• **WORK INSTRUCTIONS**
After locating the line that holds "Gta Game Art Illustration Art", repeat it and each following line exactly until the material ends, skipping pictures.

• **INFORMATION SUPPLIED**
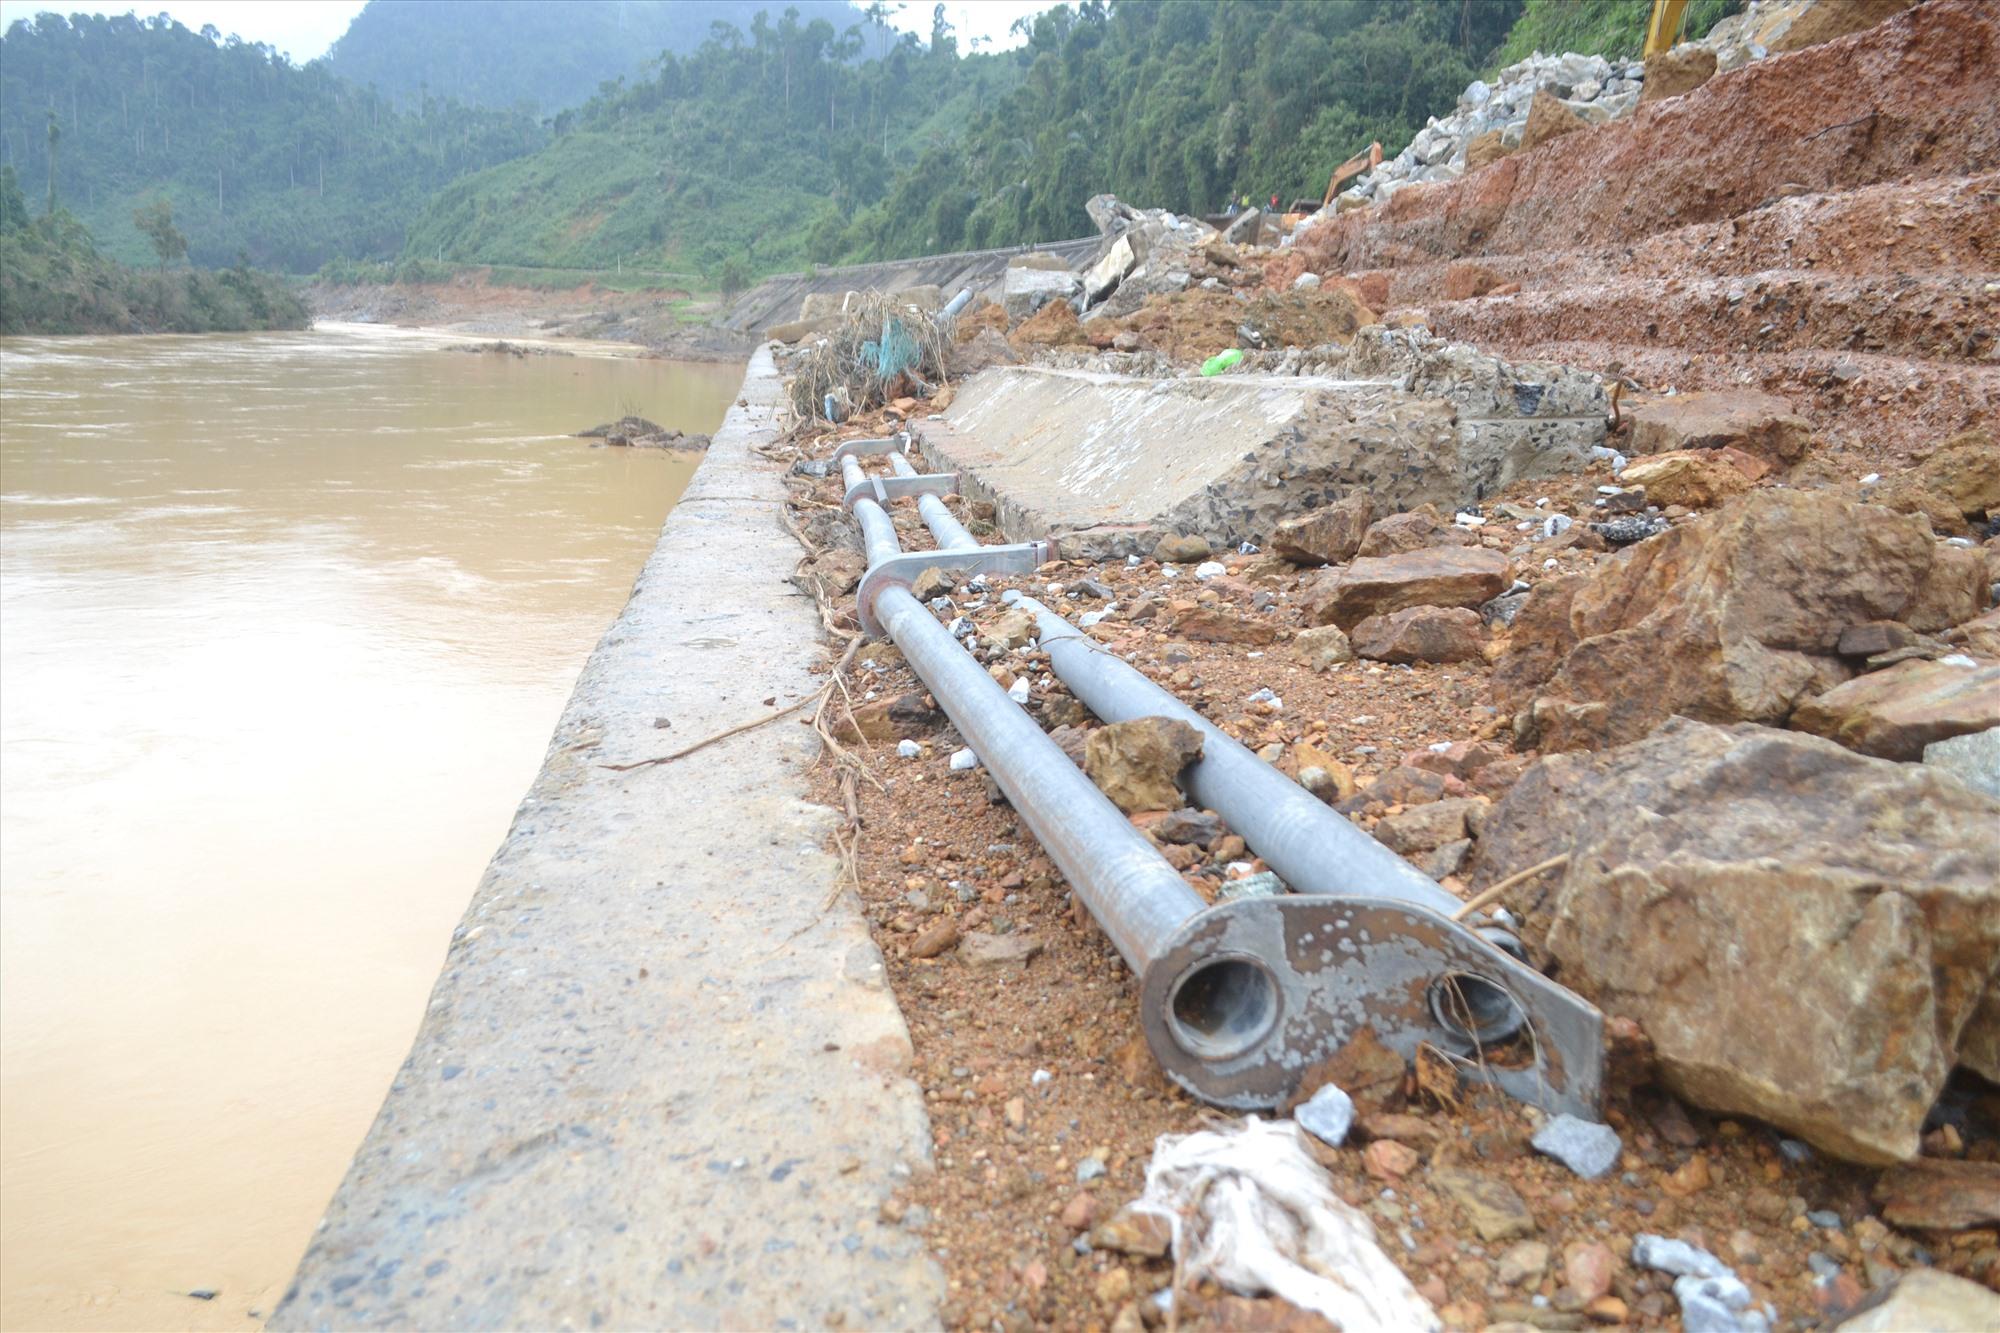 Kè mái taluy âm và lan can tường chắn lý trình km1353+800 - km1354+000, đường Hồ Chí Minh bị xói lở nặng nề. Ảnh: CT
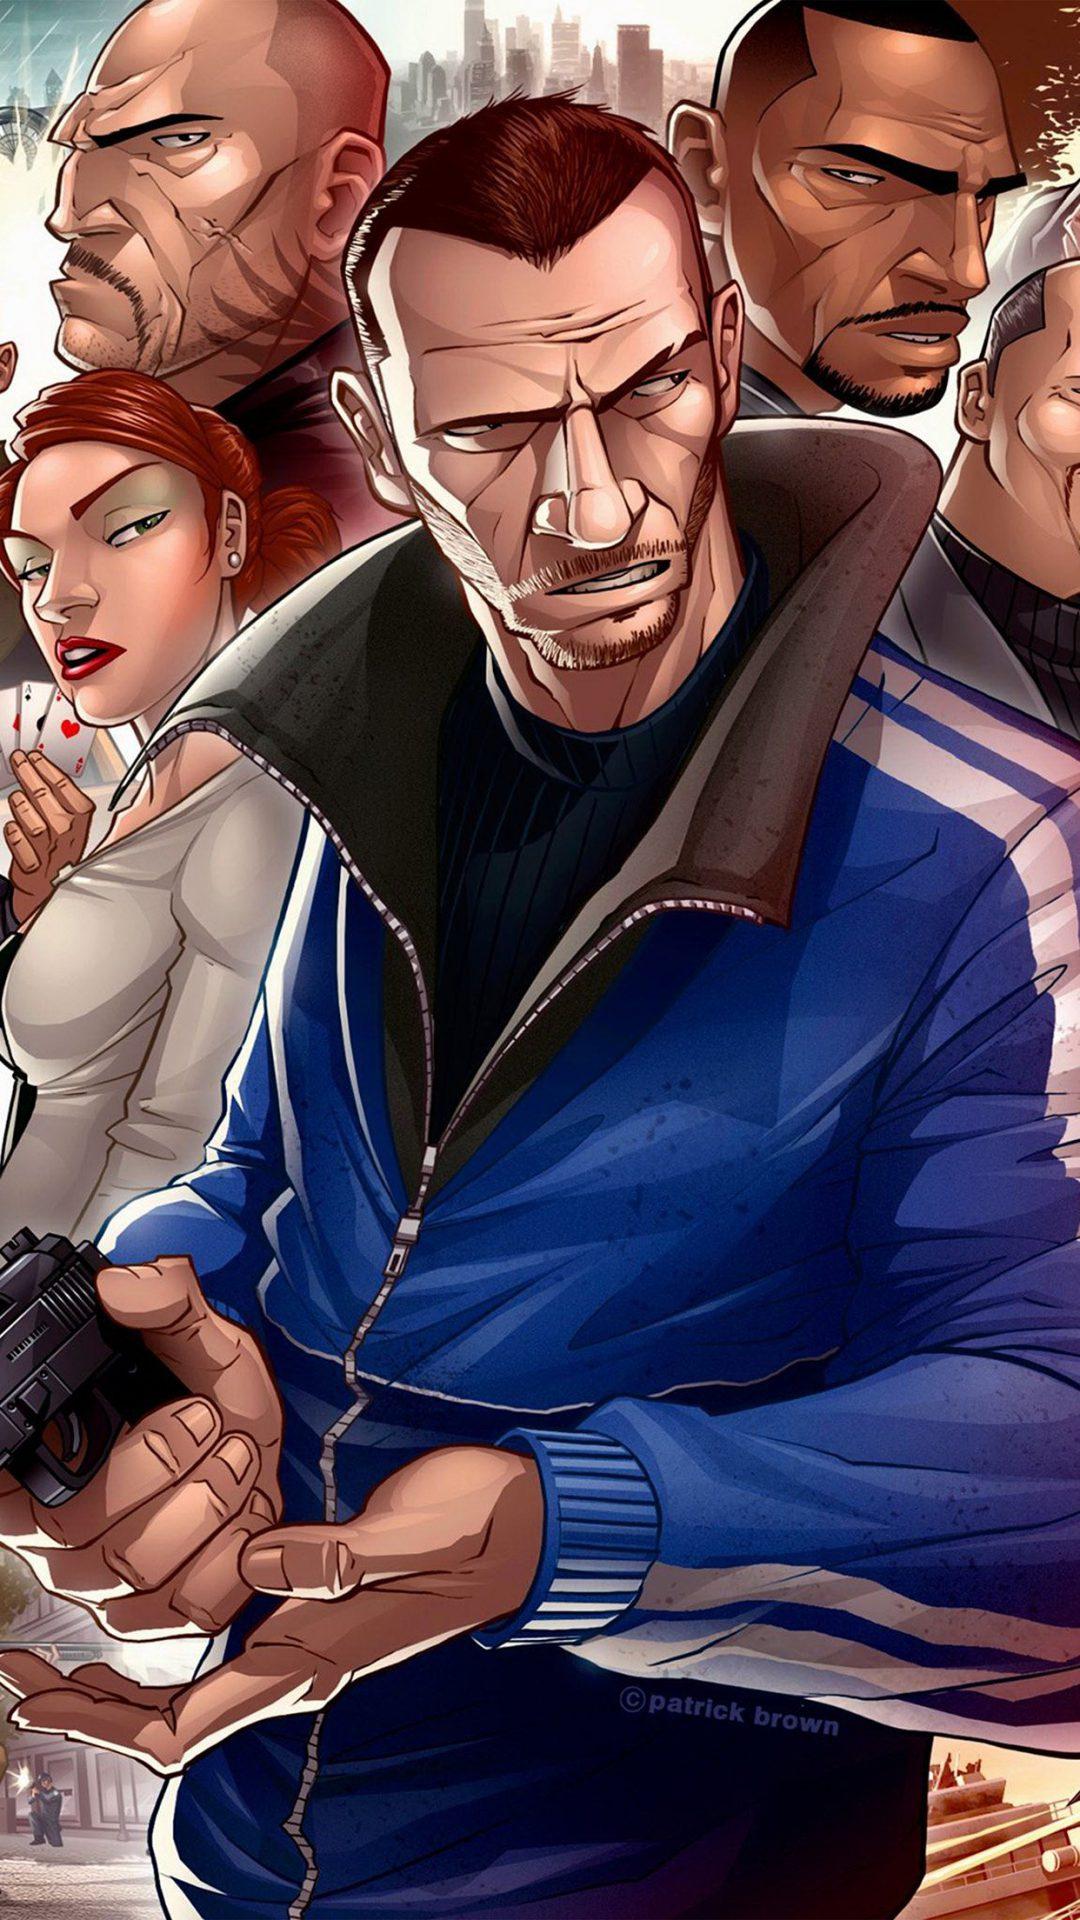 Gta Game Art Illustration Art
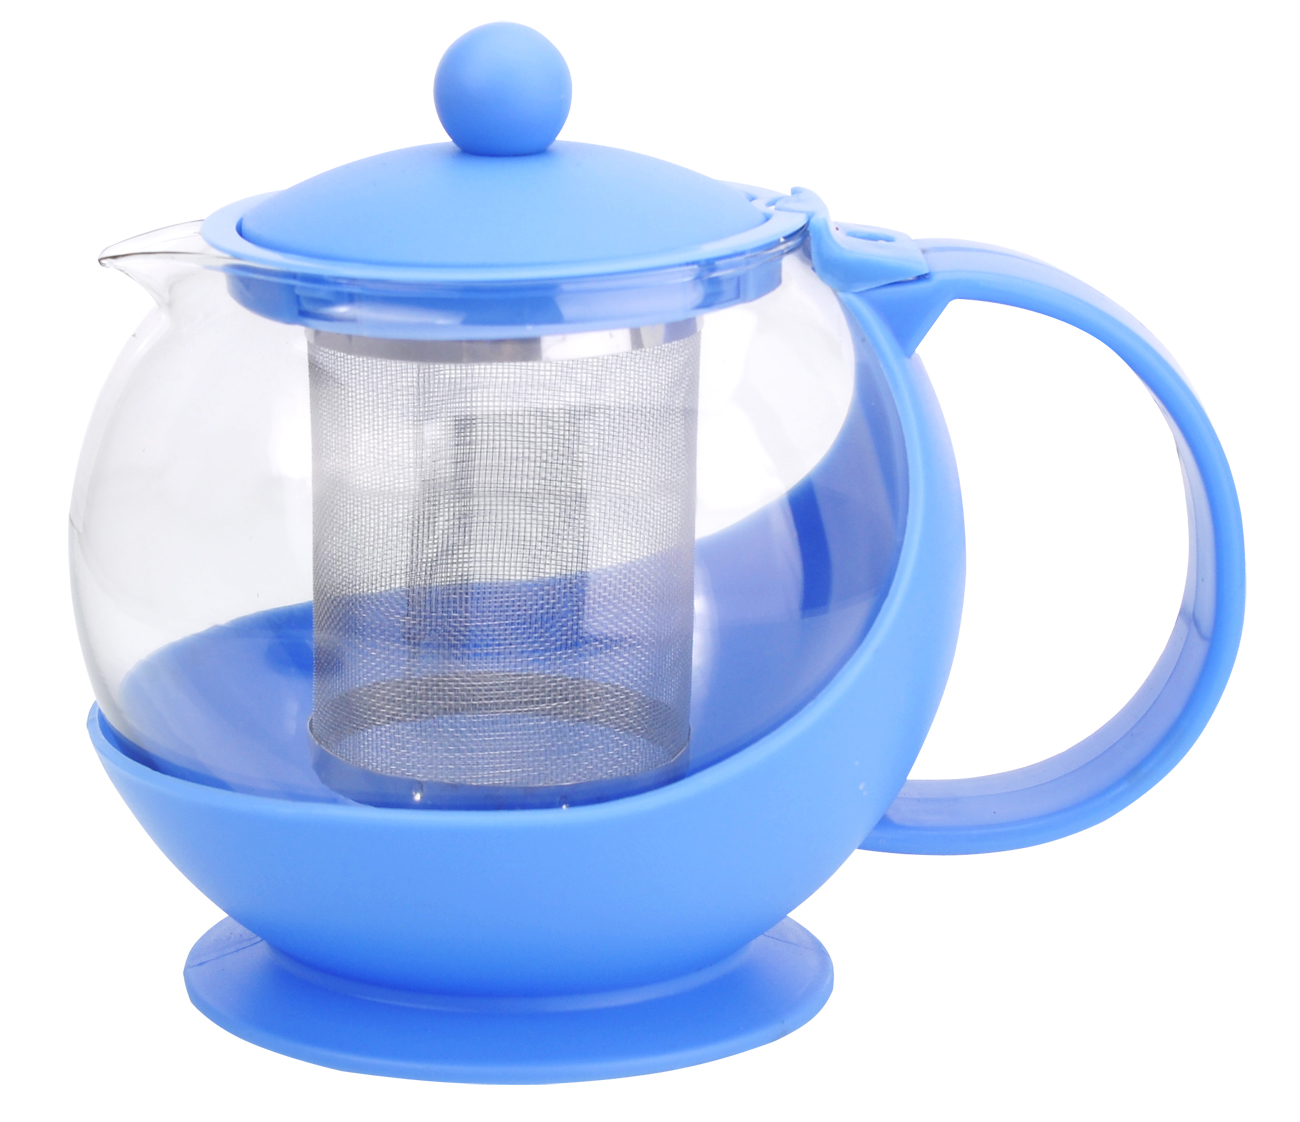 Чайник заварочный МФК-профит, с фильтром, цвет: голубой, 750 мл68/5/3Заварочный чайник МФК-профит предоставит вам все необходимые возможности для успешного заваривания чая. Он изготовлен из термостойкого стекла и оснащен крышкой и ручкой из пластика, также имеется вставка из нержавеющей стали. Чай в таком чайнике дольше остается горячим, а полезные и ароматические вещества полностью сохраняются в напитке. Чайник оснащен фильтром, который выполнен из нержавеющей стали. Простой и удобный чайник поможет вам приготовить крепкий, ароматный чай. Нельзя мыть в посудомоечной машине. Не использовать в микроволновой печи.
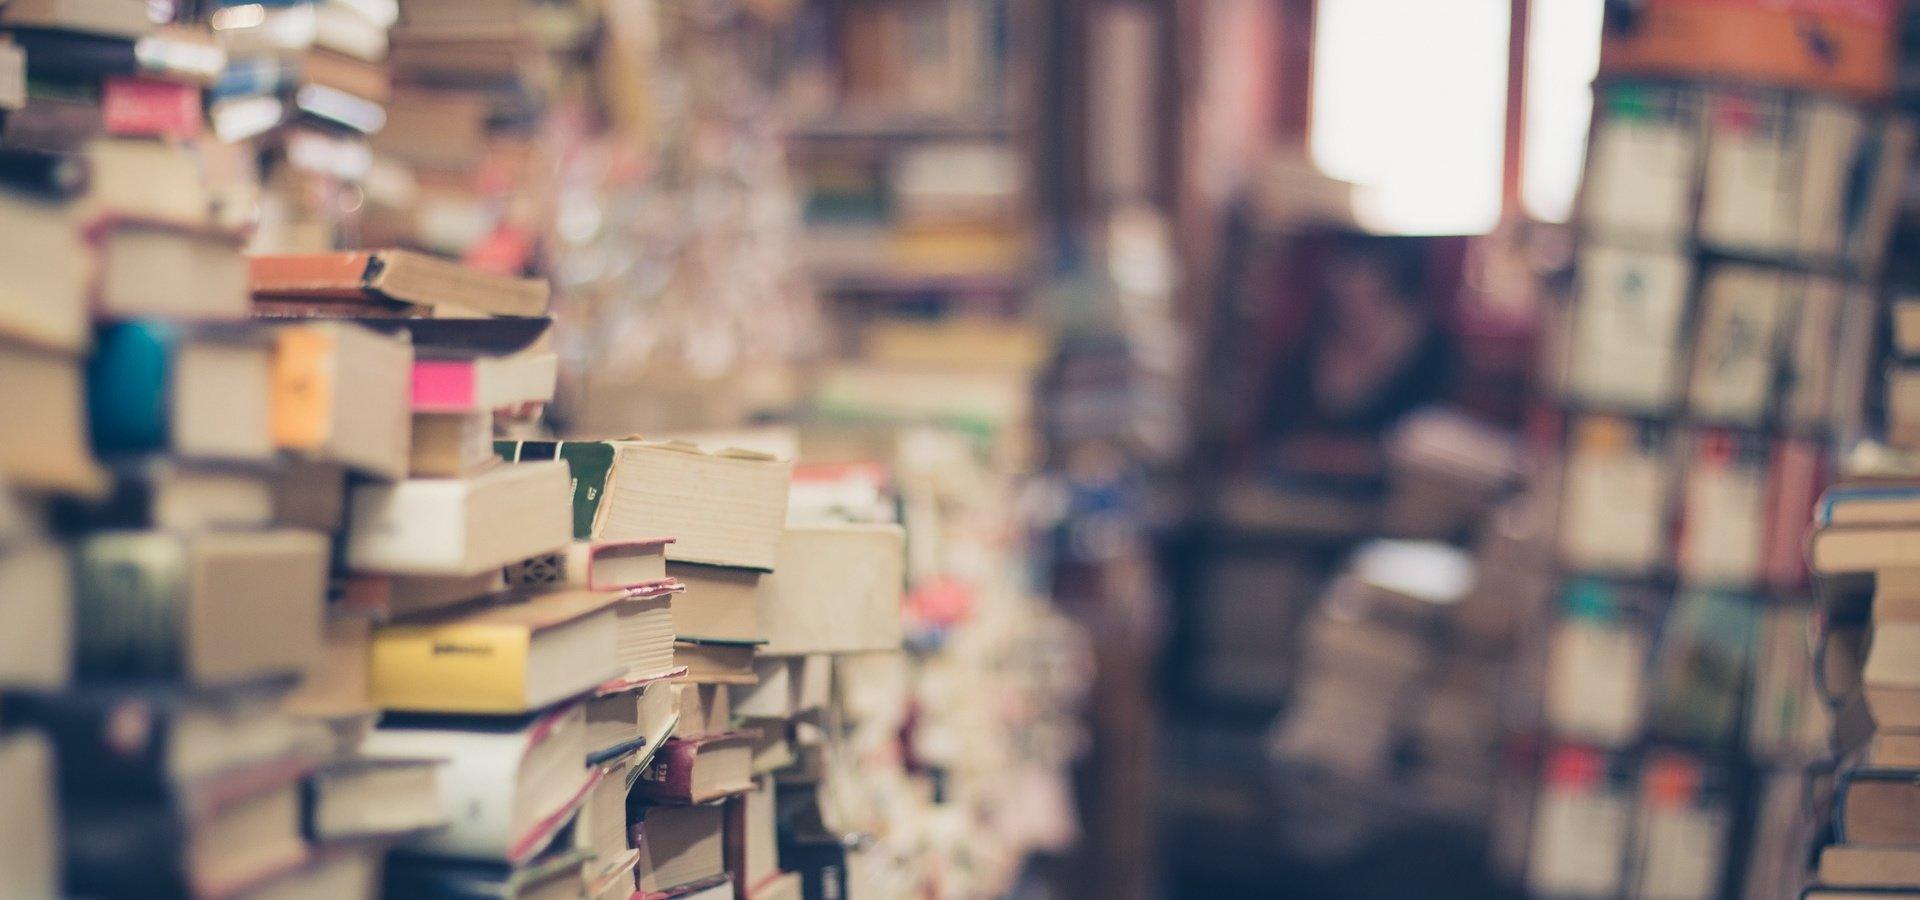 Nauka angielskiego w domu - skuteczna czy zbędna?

• **OUTPUT FOR THIS TASK**
 Gta Game Art Illustration Art
 Чайник заварочный МФК-профит, с фильтром, цвет: голубой, 750 мл68/5/3Заварочный чайник МФК-профит предоставит вам все необходимые возможности для успешного заваривания чая. Он изготовлен из термостойкого стекла и оснащен крышкой и ручкой из пластика, также имеется вставка из нержавеющей стали. Чай в таком чайнике дольше остается горячим, а полезные и ароматические вещества полностью сохраняются в напитке. Чайник оснащен фильтром, который выполнен из нержавеющей стали. Простой и удобный чайник поможет вам приготовить крепкий, ароматный чай. Нельзя мыть в посудомоечной машине. Не использовать в микроволновой печи.
 Nauka angielskiego w domu - skuteczna czy zbędna?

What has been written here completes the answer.